The darkness of night is a split personality, both friend and foe. From the blackness he can haul up nightmares and inconceivable horrors. The spasms of the roof beams in the hard frost are transformed into fingers that reach out for him. But the darkness can also be a friend, a time in which to weave thoughts about what will come, what people call the future.
He imagines how he will leave this lonely wooden house by the river for the last time, how he will run across the bridge, disappear past the arches of the bridge, out into the world, almost all the way to Orsa Finnmark.
Why am I who I am? he thinks. Why me and not somebody else?
He knows precisely the first time that he had this crucial thought. It was a bright summer evening, and he was playing in the abandoned brickworks behind the hospital. They had divided themselves into friends and enemies, hadn’t defined the game any more than that, and they alternately attacked and defended the windowless, half-razed factory building. They often played there, not just because it was forbidden, but because the building provided endlessly adaptable stage sets for their games. Its identity was forgotten, and with their games they lent constantly changing faces to the ruin. The dilapidated brickworks was defenceless; the shadows of the people who had once worked there were no longer present to protect it. Those who played there ruled. Only seldom did a bellowing father come and drag his child away from the wild game. There were shafts to plunge into, rotten steps to fall through, rusty kiln doors that could slam shut on hands and feet. But the boys playing there knew the dangers, avoided them, and had explored the safe paths through the endless building.

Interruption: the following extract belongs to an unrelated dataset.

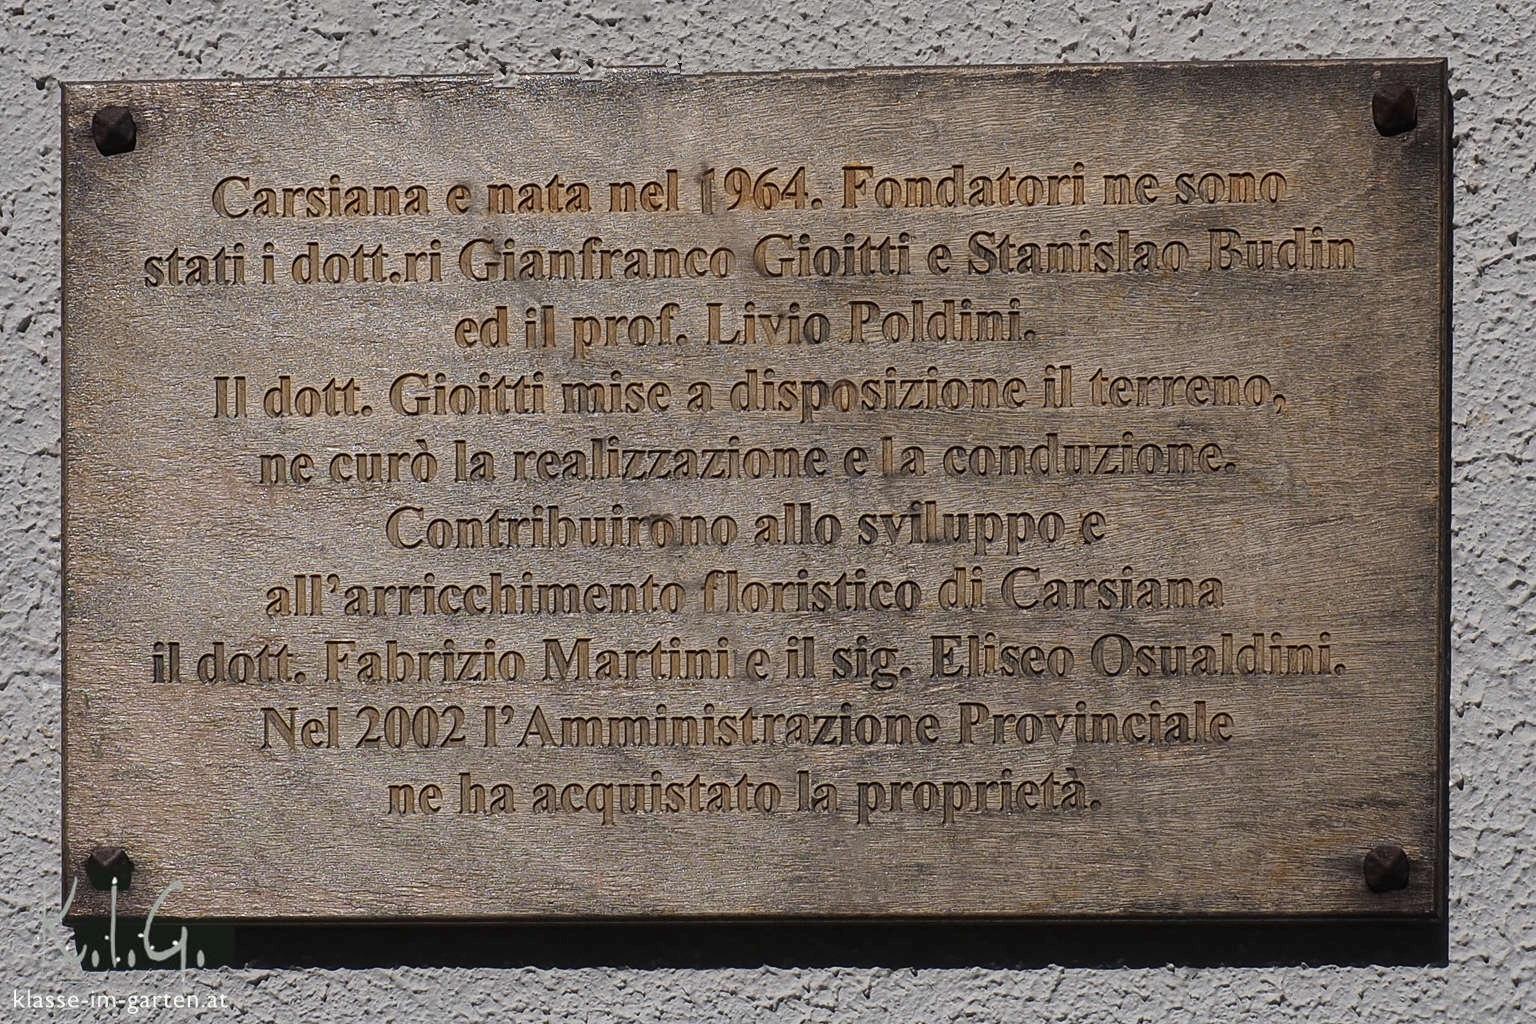 Giardino Botanico Carsiana- gegründet durch Privatinitative

And it was there on that bright summer evening, as he was lying hidden behind a rusty, collapsed brick kiln, waiting to be discovered and captured, that he had asked himself for the first time why he was who he was and not someone else. The thought had made him both excited and upset. It was as if an unknown being had crept into his head and whispered to him the password to the future. After that, all his thoughts, the very process of thinking, seemed to come from a voice that was external, that had crept into his head, left its message, and then disappeared.